After the war, in 1918, Poland regained independence and the town was reintegrated with Poland. During the Polish-Soviet War, it was fiercely defended by Poles on August 9–10, 1920, captured by Russians on August 10, and afterwards recaptured by Poles. Within interwar Poland, the town was assigned to the Warsaw Voivodeship (1919–39). The government of the Second Polish Republic constructed several fortifications there due to proximity of the German border.

In the opening stages of World War II, the advancing German army faced strong resistance from the Polish Army in the battle of Mława otherwise known as the Defence of the Mława between September 1 and September 3, 1939. The Einsatzgruppe V entered the town on September 10, 1939, and carried out first mass arrests among local Poles, who were afterwards imprisoned in the local prison.

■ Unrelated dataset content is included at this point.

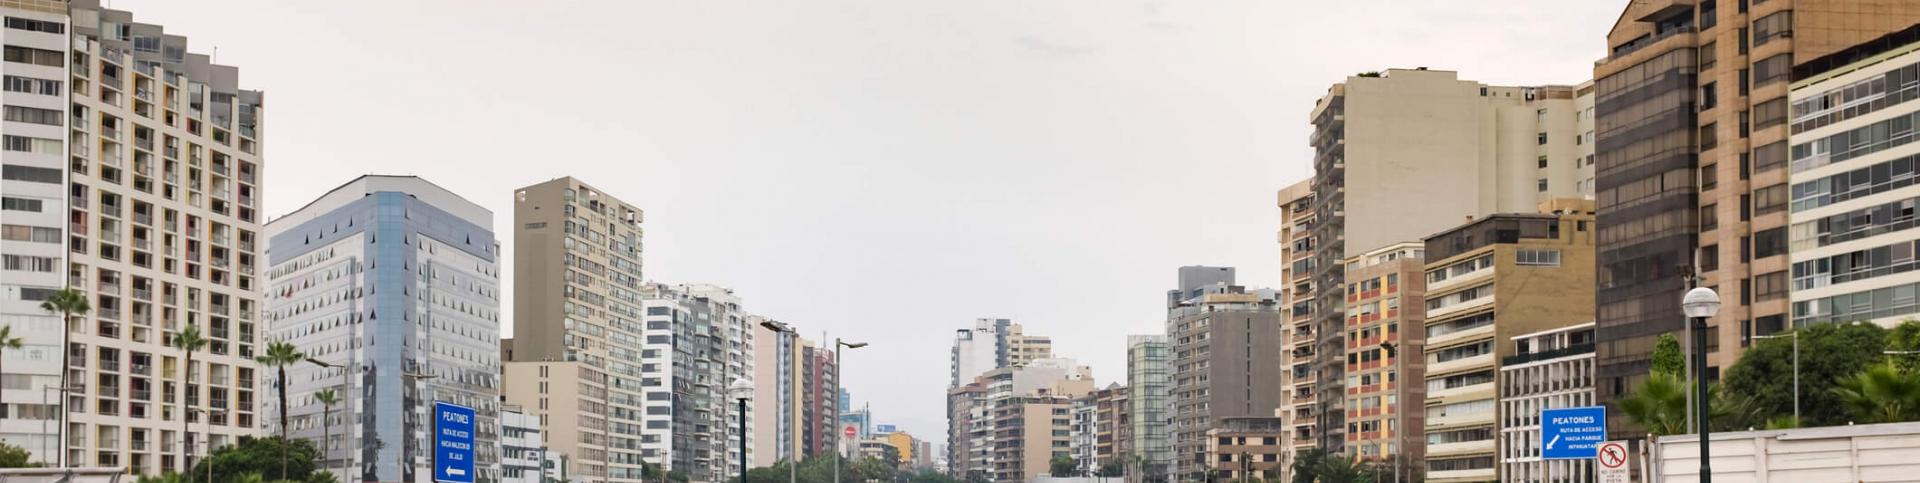 Legado Urbanistico de Lima 2019
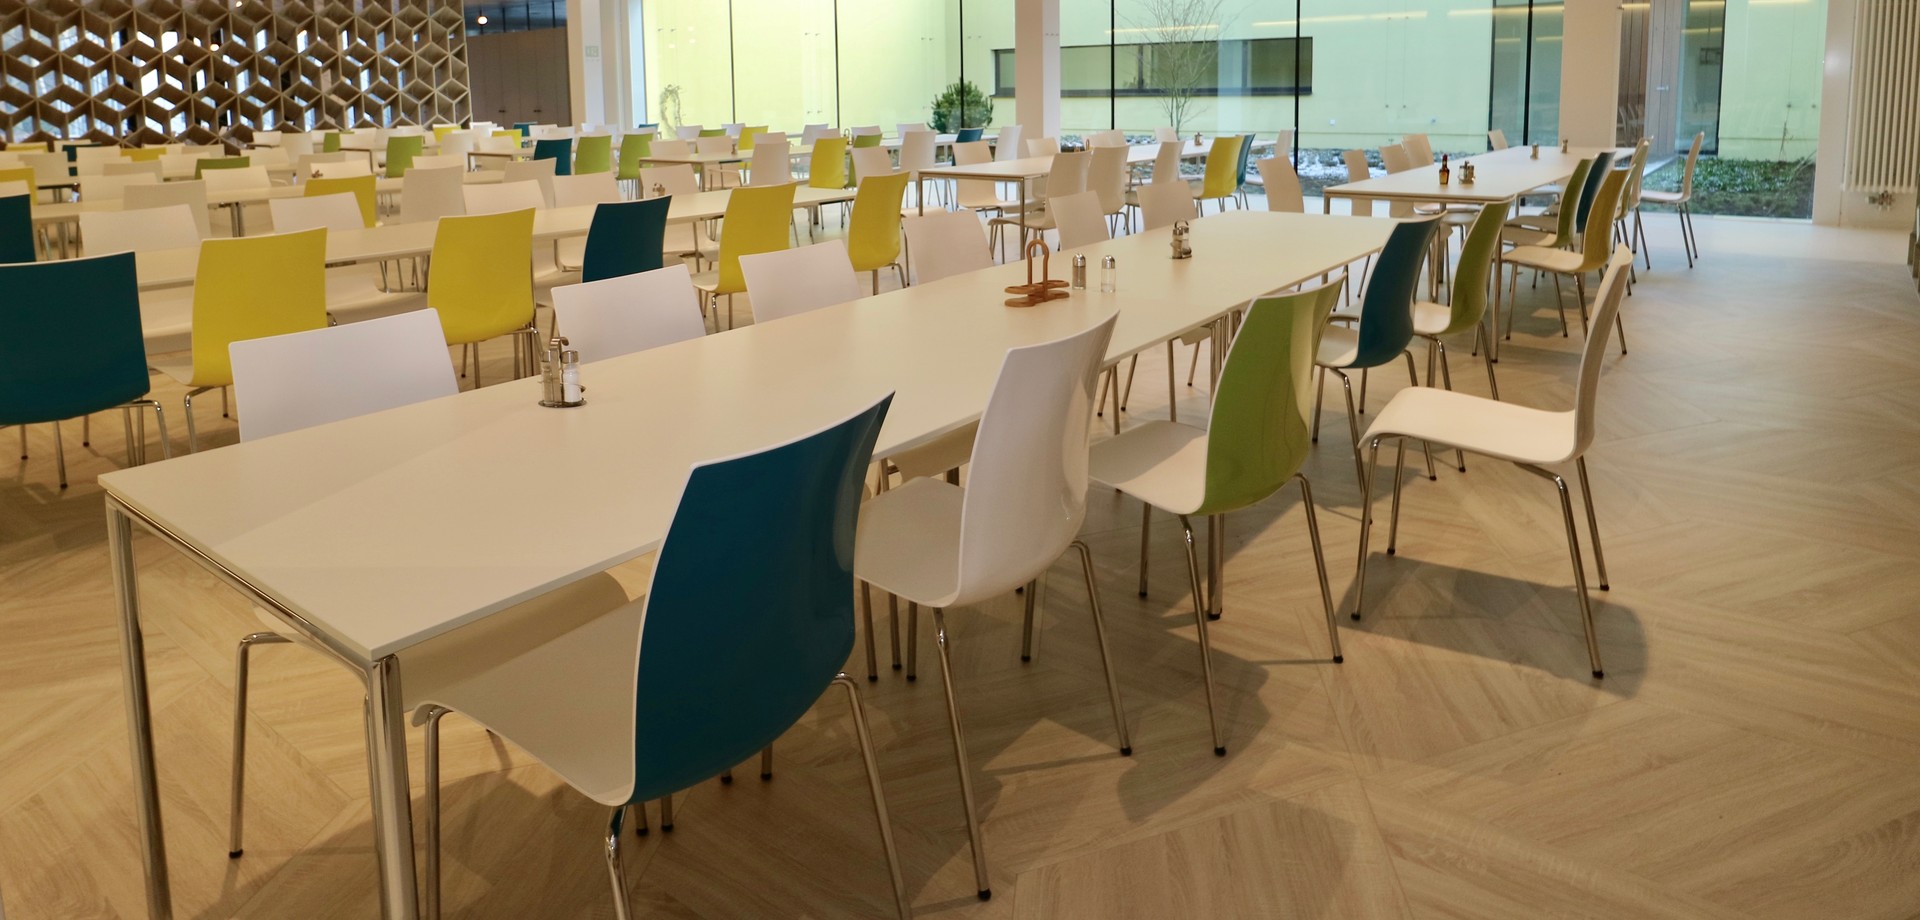 Der Speiseraum des Restaurants. An weißen Tischen sind gelbe und grüne Stühle aufgestellt. Man schaut auf ein großes Fenster zum Innenhof des Raumes

Also on September 10, the Germans expelled 69 Jews from the town. The Germans carried out mass searches of Polish offices, courthouses and organizations, and mass arrests of local Polish intelligentsia, including local officials, teachers and priests, as part of the Intelligenzaktion, continued in the following months, many were afterwards murdered in the Soldau concentration camp. Local disabled people were murdered in Ościsłowo, on February 20, 1940. Shortly after the beginning of the occupation of Poland, Mława was annexed to Nazi Germany on 26 October 1939 and administered as part of Regierungsbezirk Zichenau. The Germans established and operated two forced labour camps in the town.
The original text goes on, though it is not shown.